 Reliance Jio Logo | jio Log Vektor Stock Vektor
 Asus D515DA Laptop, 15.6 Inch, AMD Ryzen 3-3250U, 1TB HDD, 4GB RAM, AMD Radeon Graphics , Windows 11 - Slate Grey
##############################
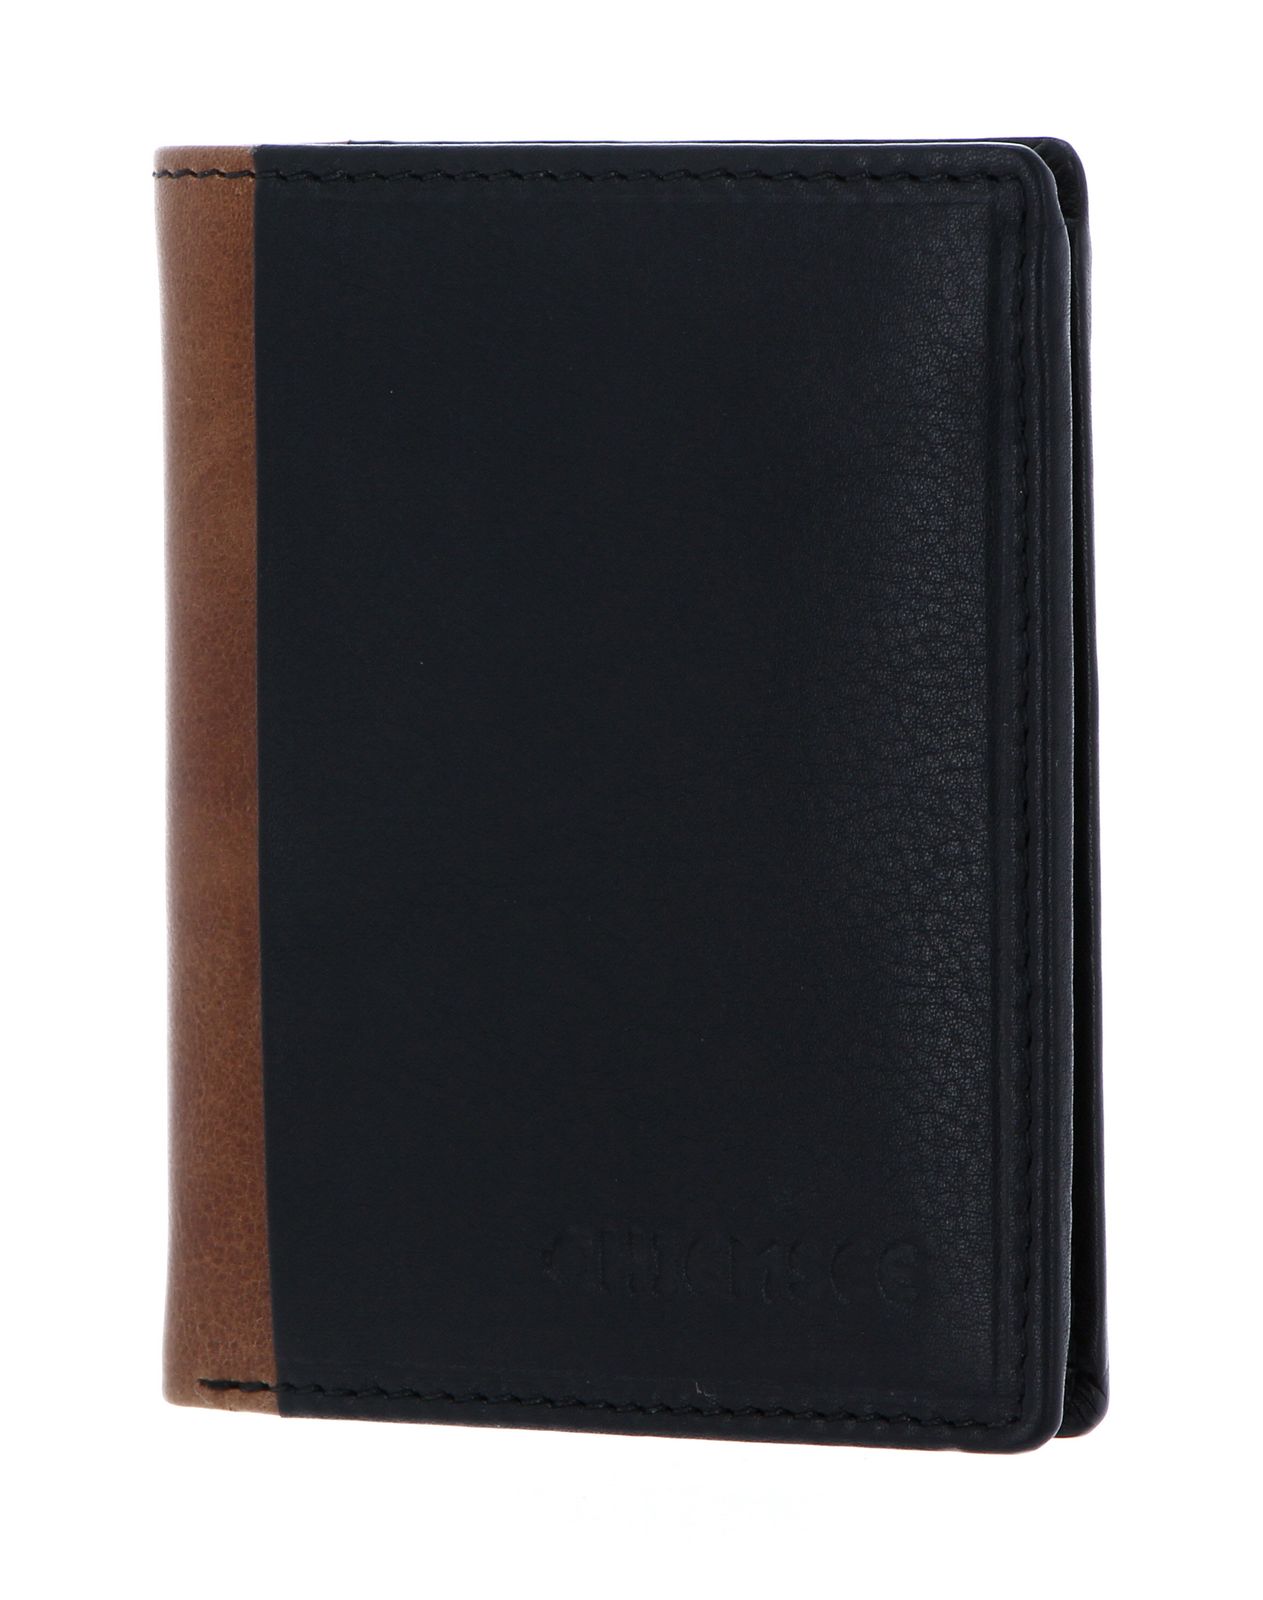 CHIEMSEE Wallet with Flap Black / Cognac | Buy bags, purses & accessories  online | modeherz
##############################
:: EXERCISE DESCRIPTION ::
Only the lines above from the one with "Reliance Jio Logo" through the one with "Asus D515DA Laptop, 15.6" should be duplicated, character for character.

:: EXERCISE SOLUTION ::
 Reliance Jio Logo | jio Log Vektor Stock Vektor
 Asus D515DA Laptop, 15.6 Inch, AMD Ryzen 3-3250U, 1TB HDD, 4GB RAM, AMD Radeon Graphics , Windows 11 - Slate Grey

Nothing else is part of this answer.